Now, let's predict the rating for the user with userId = 4 and the movie with movieId = 10 as shown below. Here, the user has already interacted or watched the movie with movieId 10.

In [85]:
# Predicting rating for a sample user with an interacted movie
sim_user_user.predict(4, 10, r_ui = 4, verbose = True)
user: 4          item: 10         r_ui = 4.00   est = 3.41   {'actual_k': 40, 'was_impossible': False}
Out[85]:
Prediction(uid=4, iid=10, r_ui=4, est=3.4133289774831344, details={'actual_k': 40, 'was_impossible': False})
  • The above output shows that the actual rating is not so far from the predicted rating for this user-item pair by this user-user-similarity-based baseline model.
  • The output also contains "actual_k". It is the value of K in KNN that is used while training the model. The default value is 40.

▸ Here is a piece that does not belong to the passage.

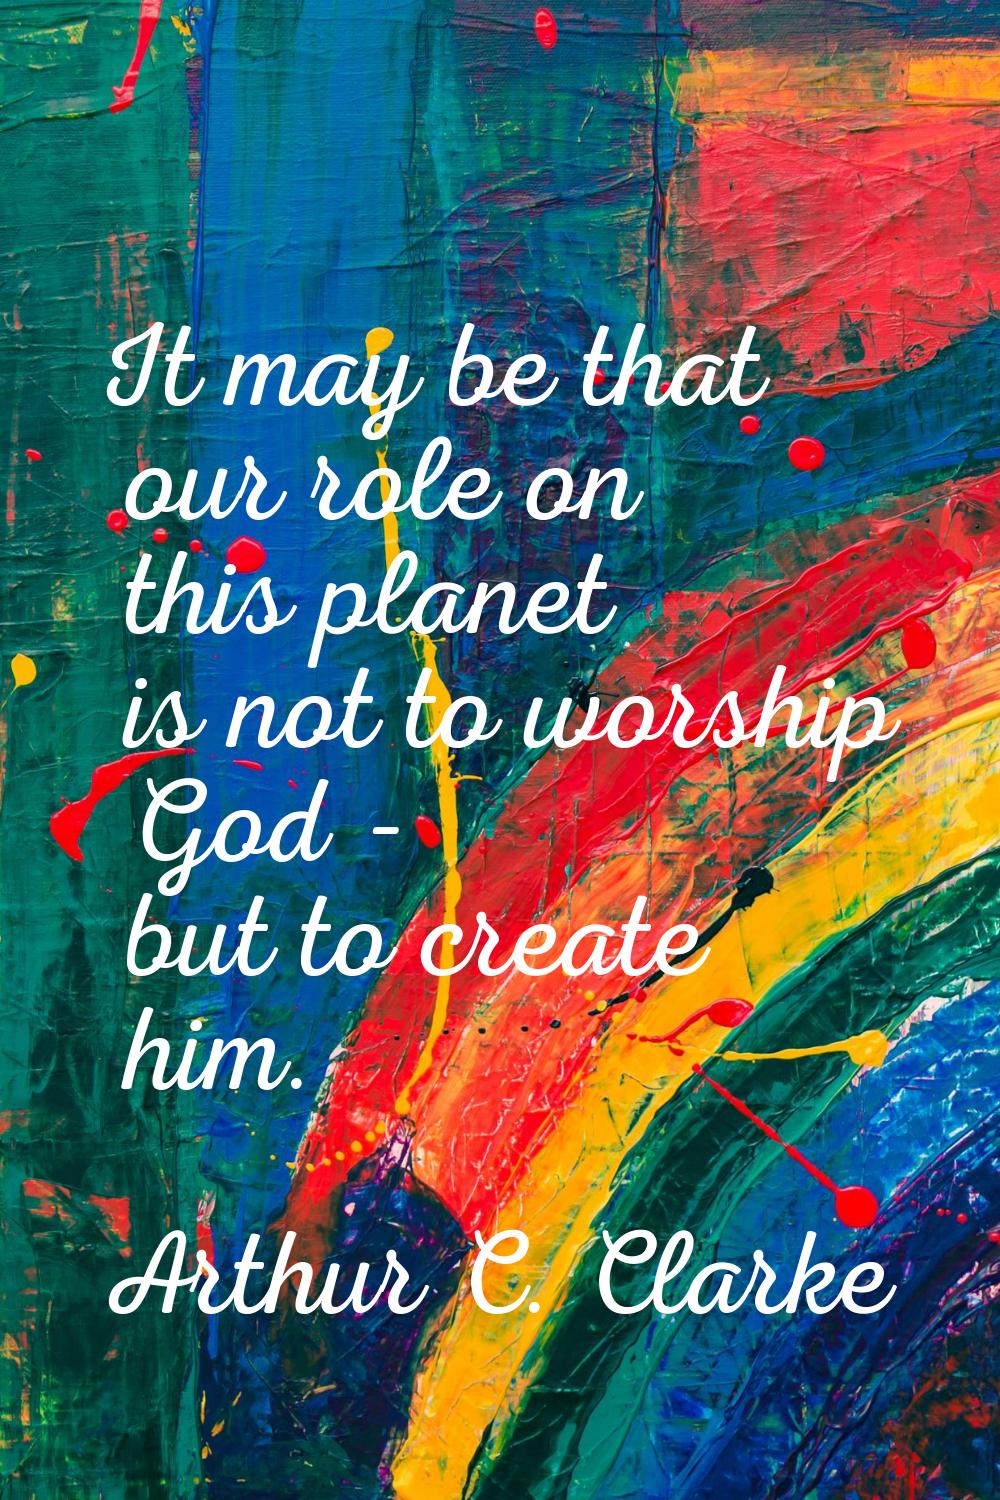 It may be that our role on this planet is not to worship God - but to create him.

Below is the list of users who have seen the movie with movieId 3.

In [86]:
rating[rating.movieId == 3].userId.unique()
Out[86]:
array([  1,   6,  19,  32,  42,  43,  44,  51,  58,  64,  68,  91, 100,
       102, 116, 117, 150, 151, 169, 179, 217, 226, 240, 269, 270, 288,
       289, 294, 302, 307, 308, 321, 330, 337, 368, 410, 414, 448, 456,
       470, 477, 480, 492, 501, 544, 552, 555, 588, 590, 594, 599, 608])
  • As the above list does not contain user id 4, we can say that user with user id 4 has not seen the movie with movieId 3.

Below, we are predicting the rating for the same userId = 4 but for a movie with which this user has not interacted yet, i.e., movieId = 3.

In [87]:
# Predicting rating for a sample user with a non interacted movie
sim_user_user.predict(4, 3, verbose = True)
user: 4          item: 3          r_ui = None   est = 3.26   {'actual_k': 40, 'was_impossible': False}
Out[87]:
Prediction(uid=4, iid=3, r_ui=None, est=3.260929007645626, details={'actual_k': 40, 'was_impossible': False})

Above, we have predicted the rating for this user-item pair based on this user-user similarity-based baseline model.

Improving similarity-based recommendation system by tuning its hyperparameters¶

Below, we will be tuning hyperparameters for the KNNBasic algorithms. Let's try to understand some of the hyperparameters of this algorithm:

  • k (int): The (max) number of neighbors to take into account for aggregation. The default value of k is 40.
  • min_k (int): The minimum number of neighbors to take into account for aggregation. If there are not enough neighbors, the prediction is set to the global mean of all ratings. The default value is 1.
  • sim_options (dict): A dictionary of options for the similarity measure. And there are four similarity measures available in surprise:
    • cosine
    • msd (default)
    • Pearson
    • Pearson baseline

Note: GridSearchCV does not accept the metrics recall@k, precision@k, or F1 Score@k. As a result, we'll tune the model using RMSE.

In [88]:
# Setting up parameter grid to tune the hyperparameters
param_grid = {'k': [30, 40, 50], 'min_k': [3, 6, 9],
              'sim_options': {'name': ['msd', 'cosine'],
                              'user_based': [True]}
              }

# Performing 3-Fold cross-validation to tune the hyperparameters
gs = GridSearchCV(KNNBasic, param_grid, measures = ['rmse'], cv = 3, n_jobs = -1)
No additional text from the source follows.